02:56And finally, because the orchestrator's context window is filling up, bypassing tokens back and forth between different sub agents, eventually, it just starts forgetting and acts more sloppy and lazy, which is not what you want from an orchestrator. And this forgetting in the orchestrator can be even worse if you have conditionals.

03:11So you may have a conditional like, if we get this particular result, then spawn another sub agent to verify it. If not, don't do that. So then the Cloud Code team were like, okay.

03:20So what if instead of having a nondeterministic model being a wrapper of all these sub agents, we had a code wrapper instead? So instead of a model passing information back and forth between sub agents and incurring a token tax every single time and also getting sloppier the longer it runs, what if we just had a workflow file, some kind of code that could pass the result directly without ever entering the main conversation, which means that you can have, like, twenty, thirty, 100 agents run one after another and the context of the main Orchestrator never actually filling because the Orchestrator is now code instead.

03:54So the way that the workflow tool works is we have a workflow dot j s file, which is a JavaScript file, and this basically defines how our workflow is gonna look. So we have phases that we can define. So for example, we can have a review phase, and then we can define an agent that runs, like does a basic review.
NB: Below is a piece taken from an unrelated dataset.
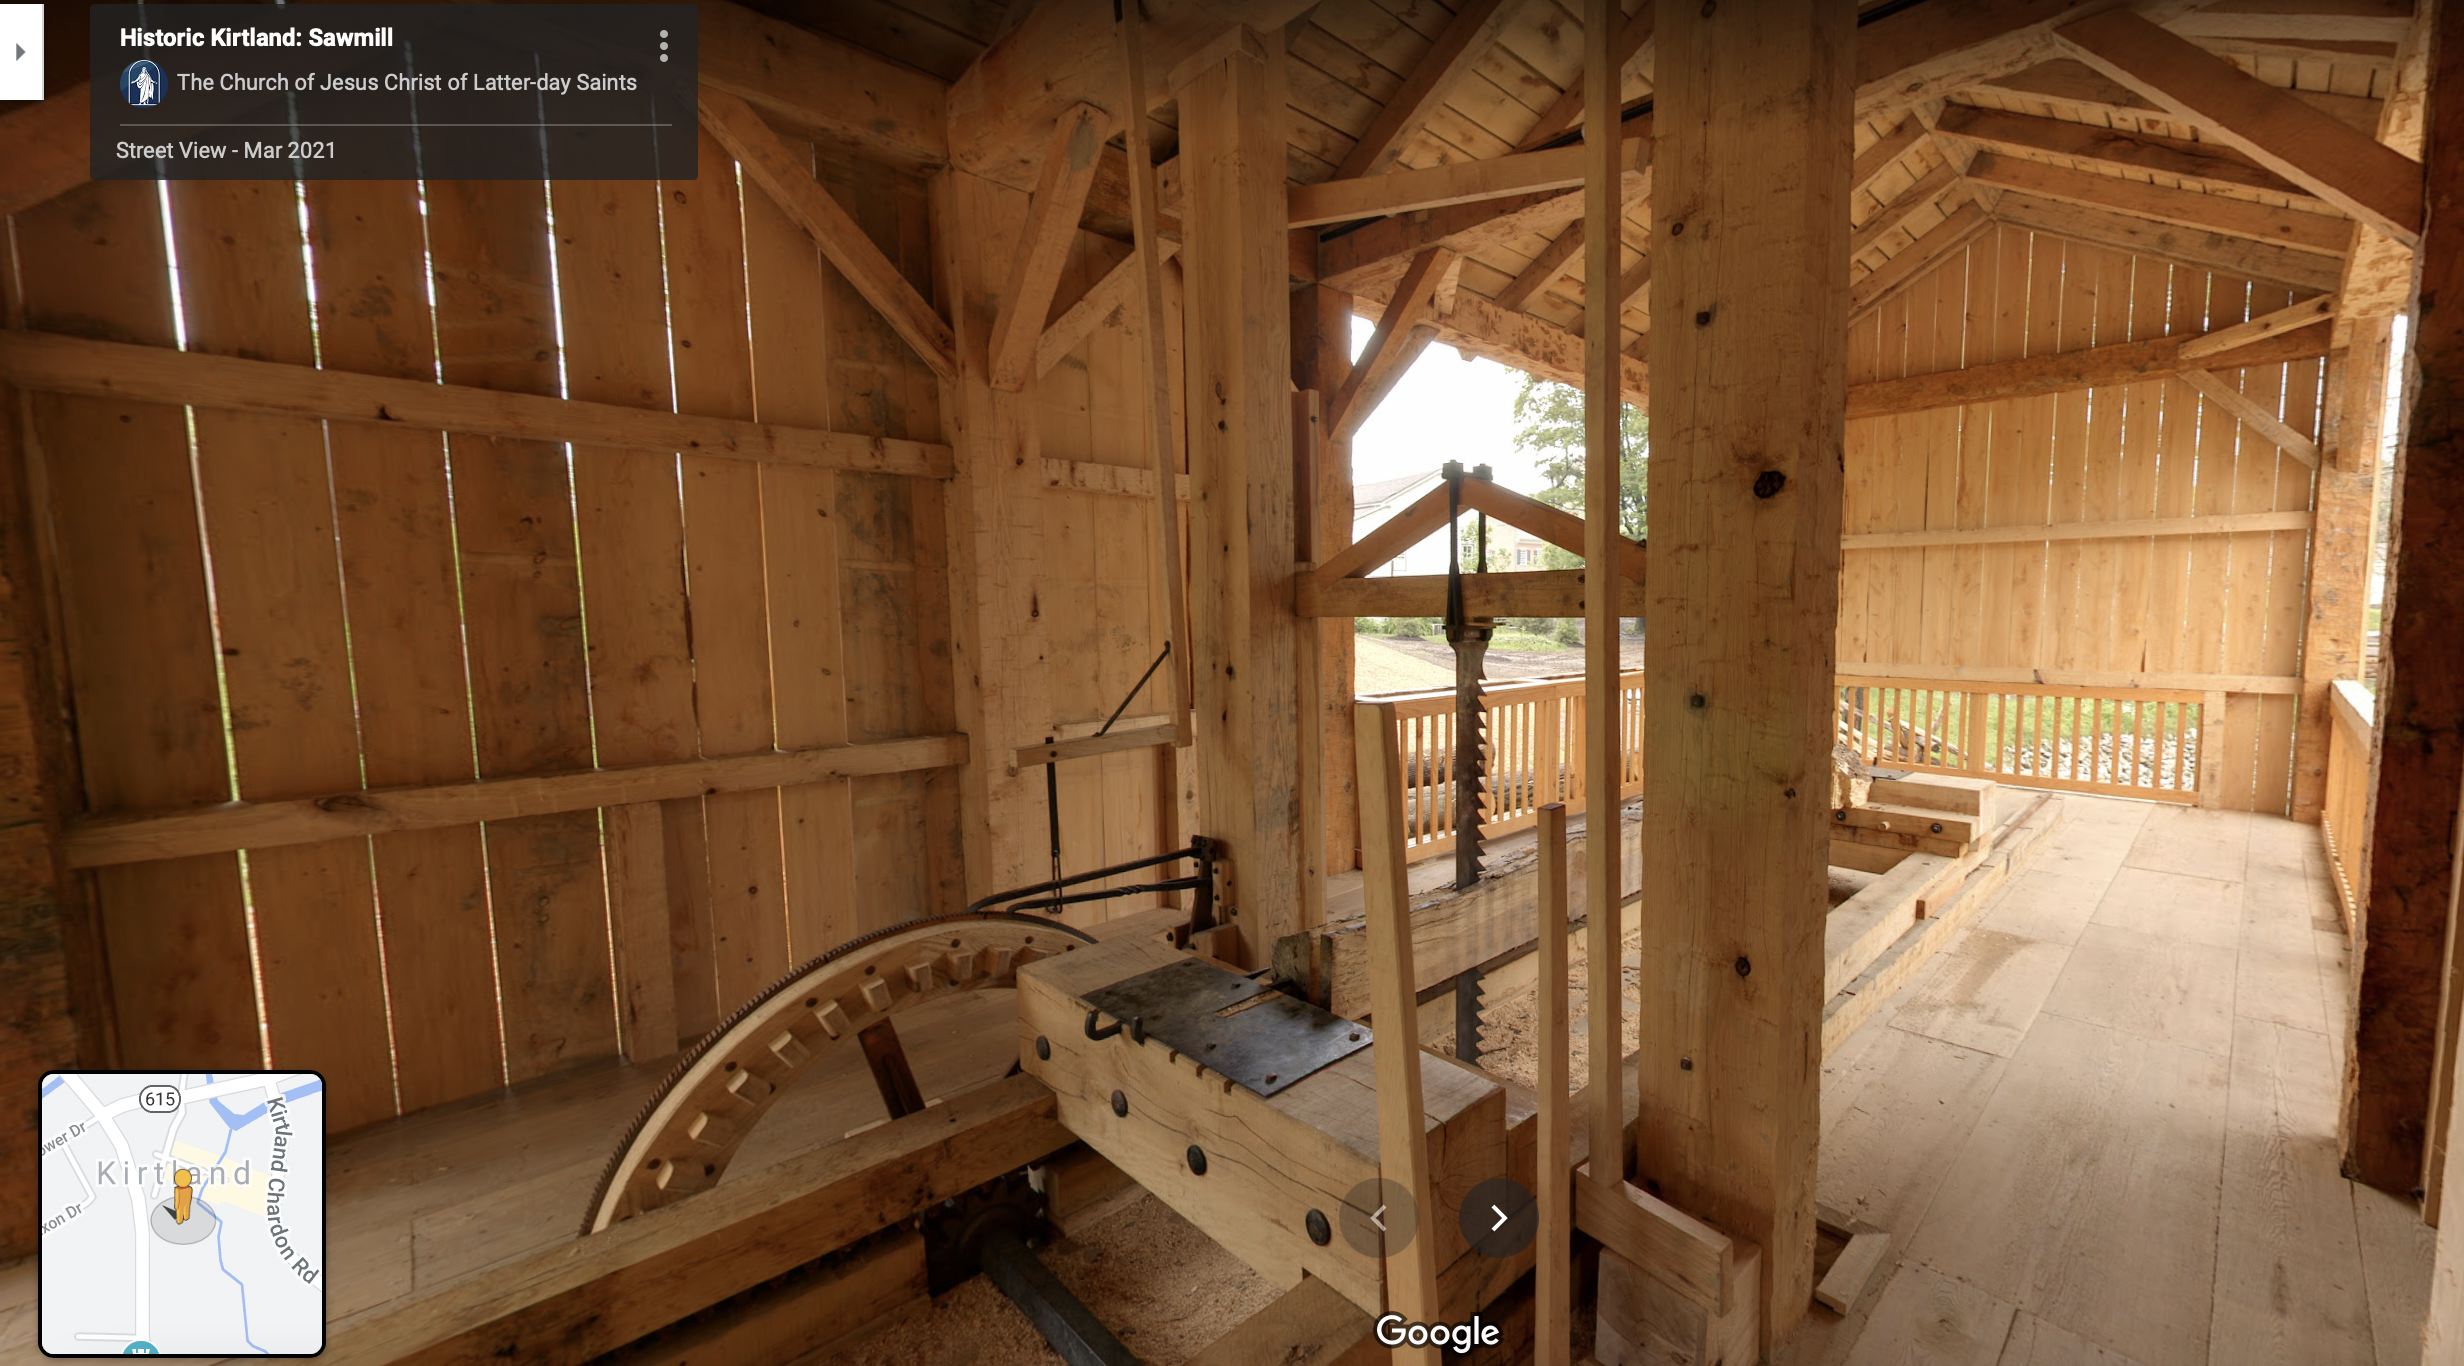 A screenshot of the 360 view of the Kirtland Sawmill on Google Maps

04:11This is a prompt. And then if the review passes, it would just end as it is by doing a return. If it doesn't, then it will fix the issues.

04:19And because this is code, we can also implement loops as well. So you can see in this example, we would have, like, implement the feature. And then over here, it would do up to three reviews.

04:28And if the review passes, then it would just break. If it doesn't pass, then it would fix it with a different agent. So every time you see agent over here, that is a different sub agent running.

04:37And what's interesting about this as well is that we can define schemas as well. So we want this review sub agent to return a schema of, like, either past or issues that we can then reference in the next agent. Okay.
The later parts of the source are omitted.